We next asked whether TGR efficiency was affected by chromosomal location. RGT2 and SNF3 are 0.1 Mb apart on chromosome IVL; YHP1 and SUM1 are ∼1.1 Mb away from these genes on the other arm of chromsome IV and separated from each other by 0.2 Mb. CAT8, RGT1, SWE1 and SWI4 are on other chromosomes (XIII, XI, X and V, respectively). The rgt2Δ::URA3, snf3Δ::URA3, yhp1Δ::URA3, rgt1Δ::URA3 and cat8Δ::URA3 strains constructed above were transformed with a fragment that targeted replacement of URA3 with LEU2 (‘marker replacement’). This disruption fragment, v:LEU2:u, contained 40 bp of homology to vector sequence inserted with the original URA3 disruption, followed by LEU2, followed by 40 bp of homology to an internal sequence in URA3. All five loci had TGR efficiencies in the range of 6–8% (Table 2). Thus, for the genes tested, the chromosomal location did not have a large effect on TGR efficiency. Interestingly, the TGR efficiency relative to the GC content (left side, 48%; right side, 35%) was lower for the v:LEU2:u fragment than for the x:URA3:x fragments shown in the previous experiments (Fig. 1C). The most likely explanation for this difference is that conversion of the leu2-3,112 locus occurred at higher frequencies than conversion of the ura3-1 locus.

Table 2. Efficiency of targeted replacement of URA3 gene.

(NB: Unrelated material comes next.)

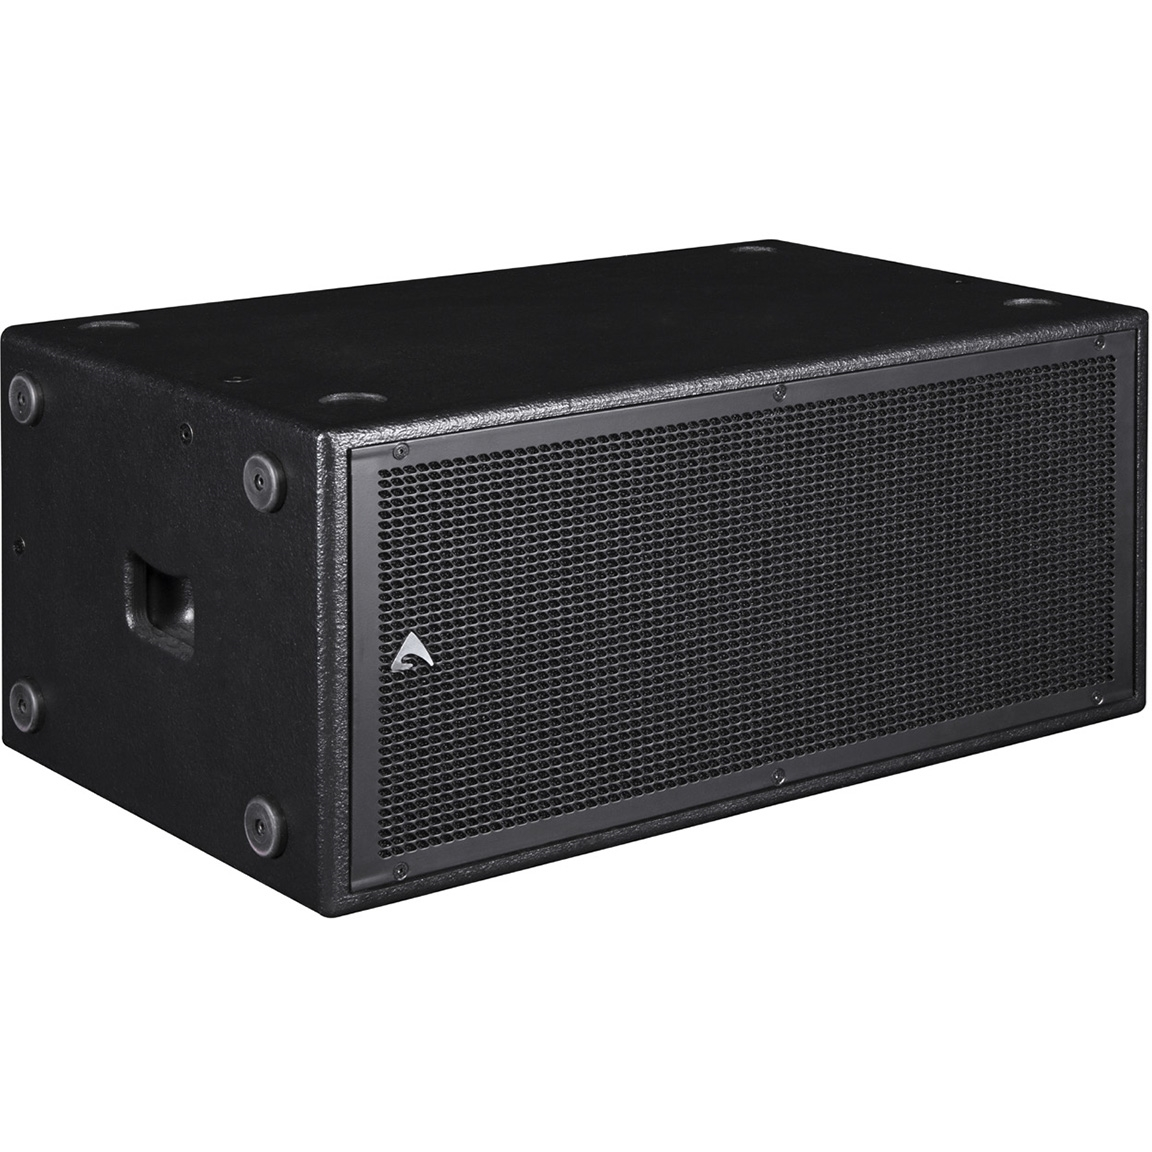 Axiom SW210P - Пассивный сабвуфер 2 х 10'', 2х350 – 2х700 – 2х1200 Вт, черного цвета

Genotype Percentage targeteda  
  v:L:ub v:L:U(199)c
CAT8:URA3
8 (100)
19 (129)
RGT2:URA3
7 (100)
16 (118)
RGT1:URA3
7 (96)
19 (120)
YHP1:URA3
7 (96)
15 (120)
SNF3:URA3 6 (98) 17 (120)

a(Replacements/total transformants) × 100%; numbers of transformants are in parentheses.

bv:L:u contains 40 bp of vector sequence present at the 5′ end of each disrupted gene, followed by LEU2, followed by 40 bp of URA3 sequence present at 3′ end of each disrupted gene.

cv:L:U(199) contains 40 bp of vector sequence present at the 5′ end of each disrupted gene, followed by LEU2, followed by 199 bp of URA3 sequence present at 3′ end of each disrupted gene.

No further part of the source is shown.